Omar Bello Pineda, a journalist from Guerrero and spokesman for the Mexican Association of Displaced and Attacked Journalists, told CPJ via phone that Morrugares had been threatened two months before his death in a Facebook video allegedly posted by a criminal gang; his association tweeted on August 2 that Morrugares was named on a so-called “narcomanta,” a banner criminal gangs use to send messages to the public, rivals, and authorities. CPJ has been unable to determine what, if any, of Morrugares’ reporting may have drawn the attention of his assailants. But his death appears to have been the opening salvo in a new wave of violence and threats, local journalists told CPJ.
“After Pablo’s murder, they started threatening us. The gangs here are angry. They don’t want us to report on the things that are happening here,” said the journalist who now only uses official sources.
“The truth is that we feel very unsafe here,” he added. “I fear that they will kill another reporter.”

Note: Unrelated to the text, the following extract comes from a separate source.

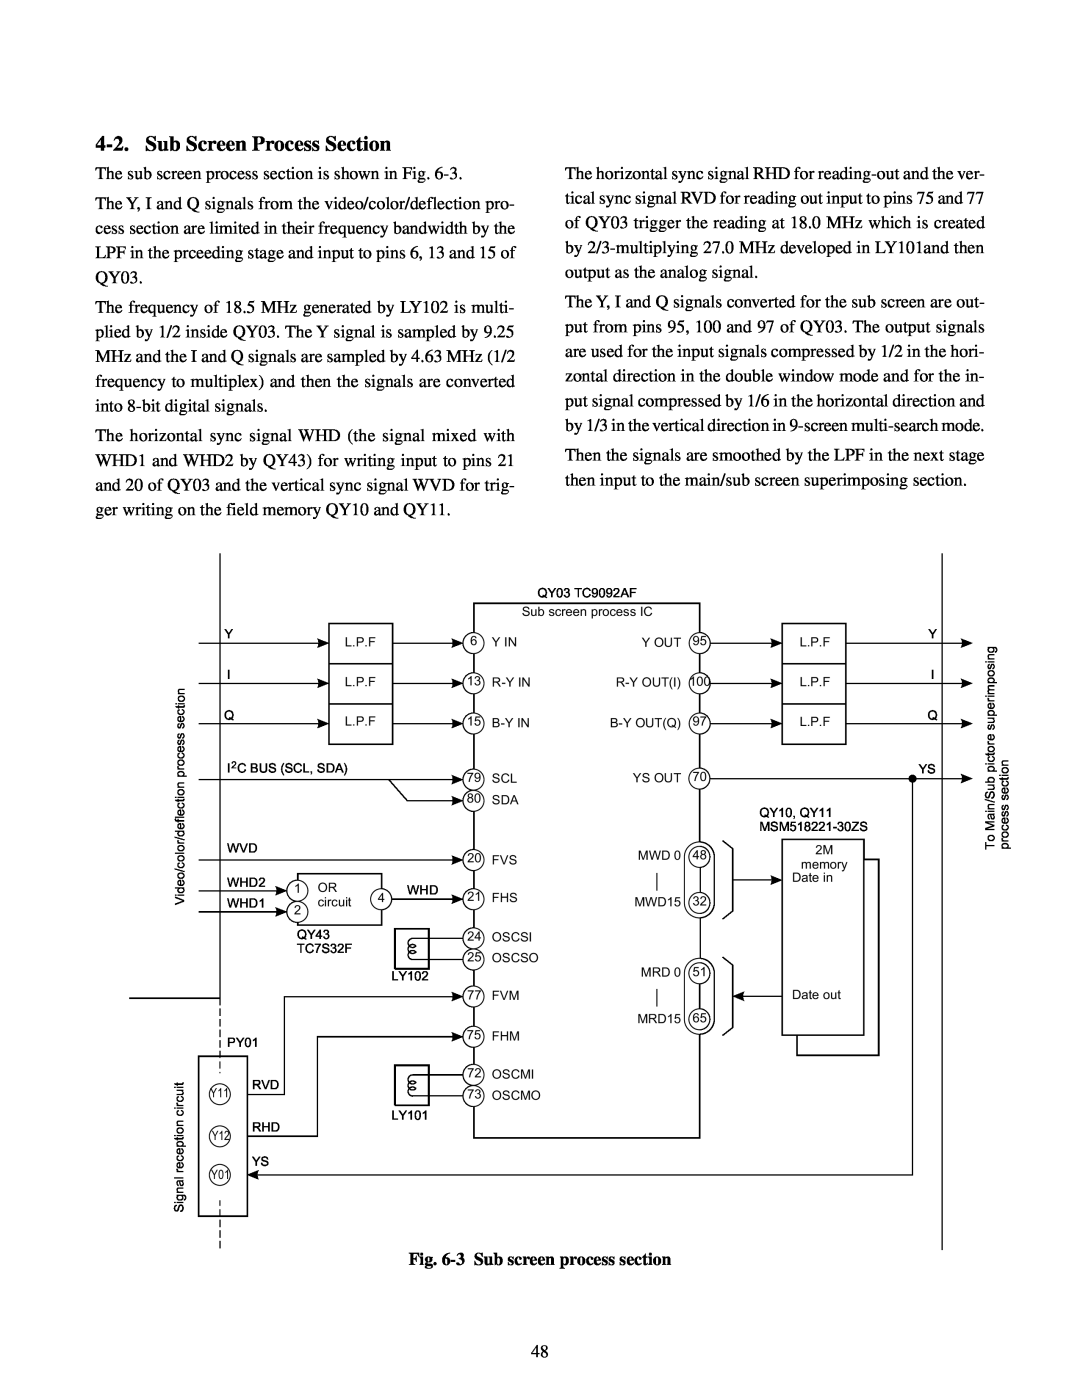 Toshiba TW40F80 manual Sub Screen Process Section, 3 Sub screen process section

On October 13, Iguala journalists published a letter in their news outlets addressed to Mexico’s president, federal attorney general, the governor of Guerrero, other authorities, and human rights groups – including CPJ – and the “Mexican people.” In it, they denounced the threats in detail and demanded protection. “Above everything, we urgently ask the security and justice authorities that they guarantee the exercise of journalism and prevent another reporter from being killed,” the letter said.
Mexican federal authorities responded to the crisis by incorporating at least four reporters in the federal mechanism, according to an official with the program who asked to remain anonymous as he was not authorized to publicly comment on the matter. All four have been relocated, he said, in addition to other protective measures.
On November 3, federal, Guerrero state, and Iguala municipal authorities met with several dozen Iguala journalists at the municipal headquarters. During the meeting, in which CPJ participated, authorities committed to opening a permanent dialogue with local reporters and implementing protocols to guarantee the safety of reporters, such as a local office to field complaints of threats to press freedom.
CPJ made several phone calls to Guerrero state and Iguala municipal authorities for comment, but no one picked up.
Among the threats, a third anonymous reporter told CPJ, were messages asking if the journalists truly believed the authorities would keep them safe.
“We don’t trust the municipal authorities at all,” said that reporter, who has also fled the city. “Municipal police have often been very aggressive with journalists in Iguala. They have accused us of spying for the gangs, pointed guns at us. We’ve heard from the state authorities that they would help us before, but they then disappear and do nothing.”